Of course my hair never looked like Mariam’s- when the day finally came.
I could write about all these levels and themes about black hair and mix race hair and white hair and Malaysian hair- fake or real -but I’m going to cut right to the chase. One because I have a short concentration span and I can never get through pages and pages of blog (I skim, sorry) so I wouldn’t want similar readers to have to do the same. Secondly, this is not a rant. Hair and particularly black hair is a multi-layered, multi-dimensional topic laced with real issues around race, identity, origin, ego… and while I’m all about that, this post is not. Finally, I’m at work and I am trying to get this in before my boss gets suspicious because I am being too ‘typie’ on the keyboard.

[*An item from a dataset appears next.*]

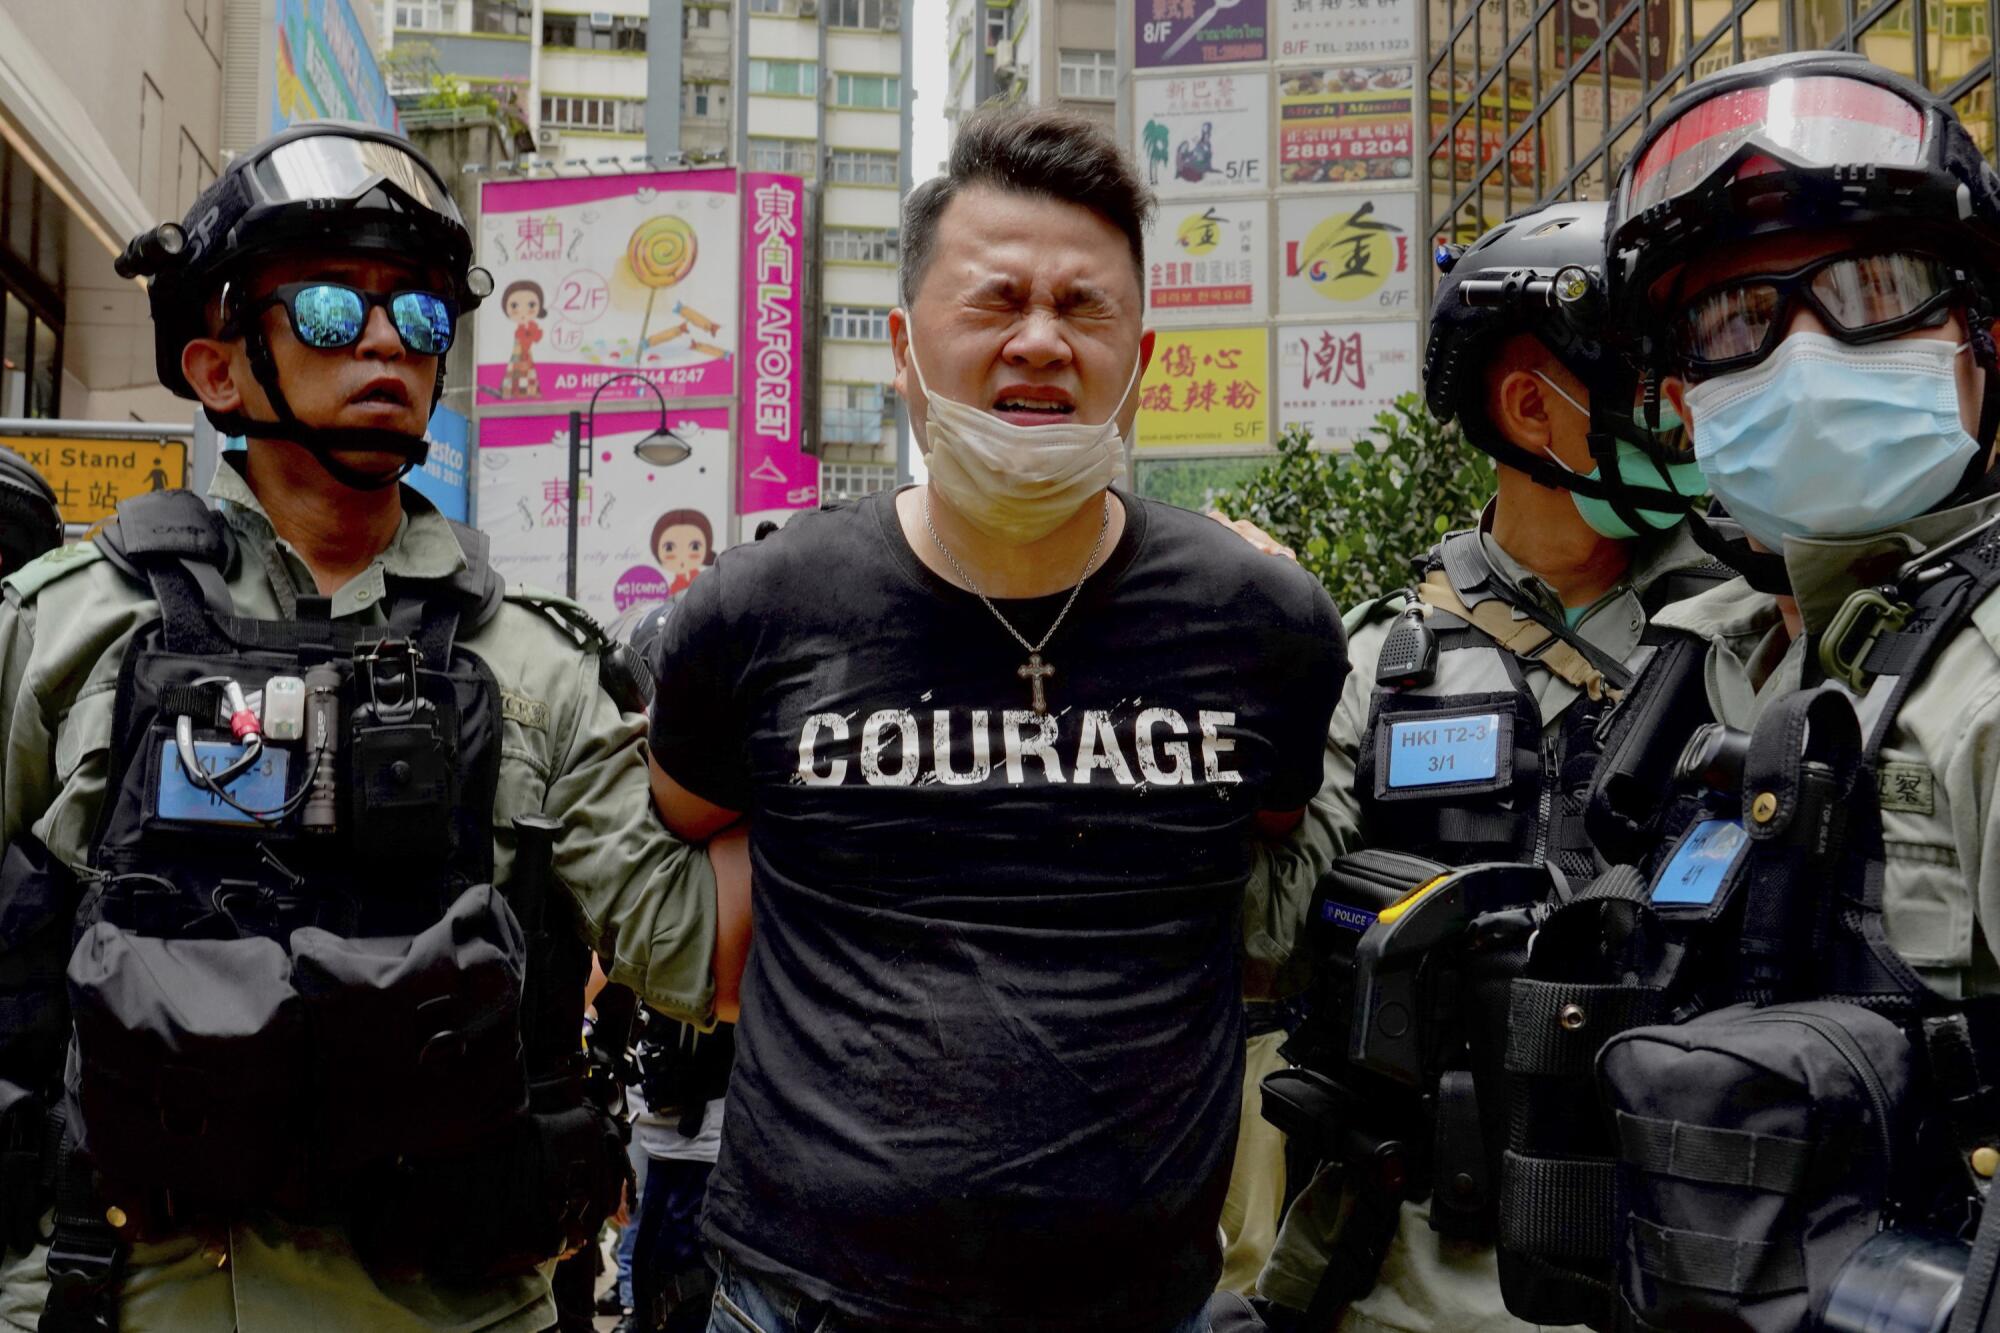 Police detain a protester after being sprayed with pepper spray during a protest in Causeway Bay

If you are a black man and you like to date black women of full black-African descent, you are gonna have to accept that the head scarf will be a part of your romantic life. Natural hair girls who really take good care of their hair sleep in silk head scarfs to keep moisture in and etc. Relaxed / mbalas (weave) hair girls like me sleep in head scarfs also to keep the hair ‘right’, moisture in, maintain texture etc. There will be no moments where you can ‘Run your fingers through my Hair’ because there is no fluidity in our hair and if there was, it’s either too oily from the salon or not long enough for a ‘Running’…more like ‘hop down the patio steps through my hair’. Or it could be that there is a layer of tracks (team mbalas) that no girl in the world with a sew in weave is ever going to let you feel.
I say black men because if I was to date a white guy I get the notion that he would never ask about my head scarf because of the ‘Fear of The Unknown’ element i.e ‘Maybe its a black thing’ or ‘Maybe it’s an African thing’ or ‘Maybe she will pop off if I ask’. The hair that grows out of my head, brother, looks just like yours does when it grows out of your head. If you want a ‘Run my fingers through your hair’ session or you’re not a fan of the head scarf, maybe try dating a different race? And forego all the fulfilment that comes with dating a black girl? >Que in Big Sean ft Nicki Minaj ”A$*” track<<
And if you say you don’t do the head scarf at night, girl please? And if you say your girlfriend never wears one, probably when you spend the night she doesn’t (high five!)